Notable is the fact that I do not have a service key setup when executing these tests but rather have logged in using my google account.

mwalker174 commented 6 years ago

I just ran into this issue. I get the same error using my account and a service account.

I can work around this by adding the following Java lines in runTool():

ctx.hadoopConfiguration().set("fs.gs.project.id", "<PROJECT>"); ctx.hadoopConfiguration().set("google.cloud.auth.service.account.json.keyfile", "<KEYFILE>");

mwalker174 commented 6 years ago

Also, I do not get the error with non-spark tools.

droazen commented 6 years ago

@jean-philippe-martin Your thoughts on this one?

jean-philippe-martin commented 6 years ago

Sounds like a bug in the Cloud Storage Connector's handling of default credentials.

lbergelson commented 6 years ago

They don't handle default credentials. They need explicit credentials set via spark property like Mark is doing.

jean-philippe-martin commented 6 years ago

I guess missing a feature is a kind of bug. Is there something we should do on our end?

lbergelson commented 6 years ago

@jean-philippe-martin If the connector could configure itself with default credentials that would be amazing.

jean-philippe-martin commented 6 years ago

Sorry, by "our end" I meant on the GATK side. For the connector we can file an issue.

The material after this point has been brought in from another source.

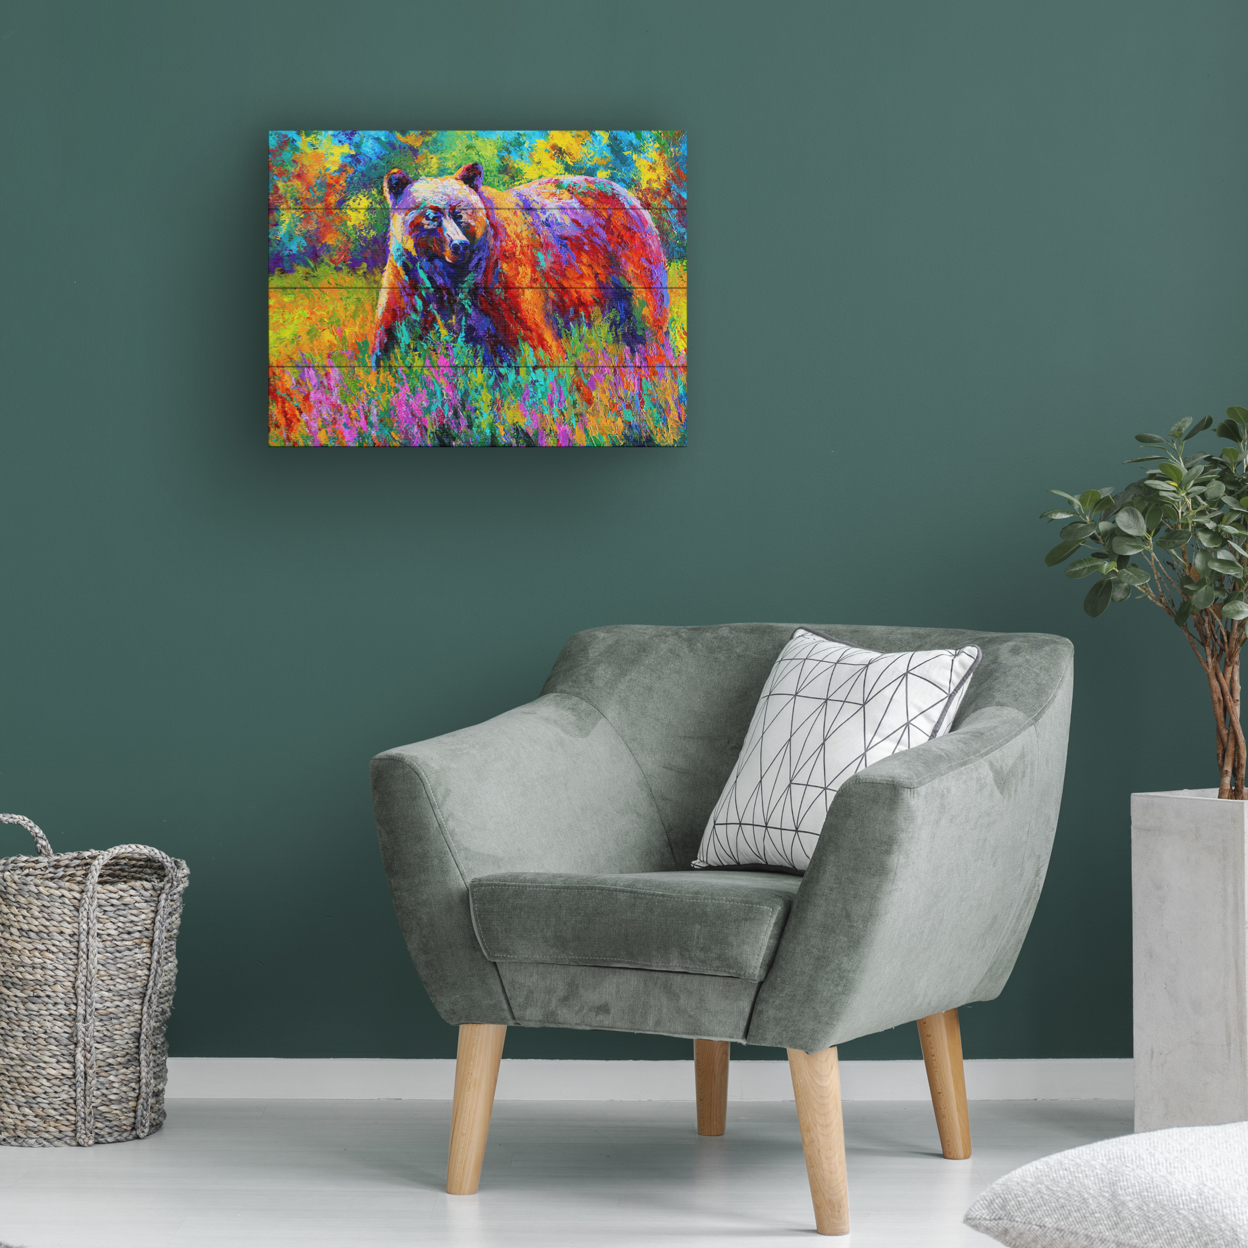 Wall Art 12 X 16 Inches Titled Grizz On Guard Ready To Hang Printed On Wooden Planks

lbergelson commented 6 years ago

Oh, heh, darn, I was hoping you were volunteering to add default credential support :)

lbergelson commented 6 years ago

We already have an issue for it. https://github.com/GoogleCloudPlatform/bigdata-interop/issues/59

sooheelee commented 6 years ago

We have a researcher reporting that even when running locally, they are getting messages related to the GCS, which they find puzzling.

WARNING: Failed to detect whether we are running on Google Compute Engine.

plus what looks like an error stacktrace in the middle of the stdout. Is this intentional?

jean-philippe-martin commented 6 years ago

This error message is related to GATK's ability to load files on Google buckets ("gcs://bucket/file.bam"). This ability is enabled even when running locally (this aspect is intentional, because it's useful to be able to run a local GATK instance to process remote data without having to fire up a VM).

As the bucket-reading code ("NIO") initializes, it looks for credentials to use. Those can be set via an environment variable or via gcloud auth, as described in GATK's README. If neither of these are set, it checks whether it's currently running in a Google virtual machine (so it can figure out who owns the virtual machine that it's running on, and use those credentials). Apparently this code throws an exception if it runs out of ways to find credentials, and our code prints it out and moves on.

The message is useful, for if we were running in a google VM and the credential-finding failed, we'd certainly like to know. Whether we need the full stack trace, now, that's a choice we have to make.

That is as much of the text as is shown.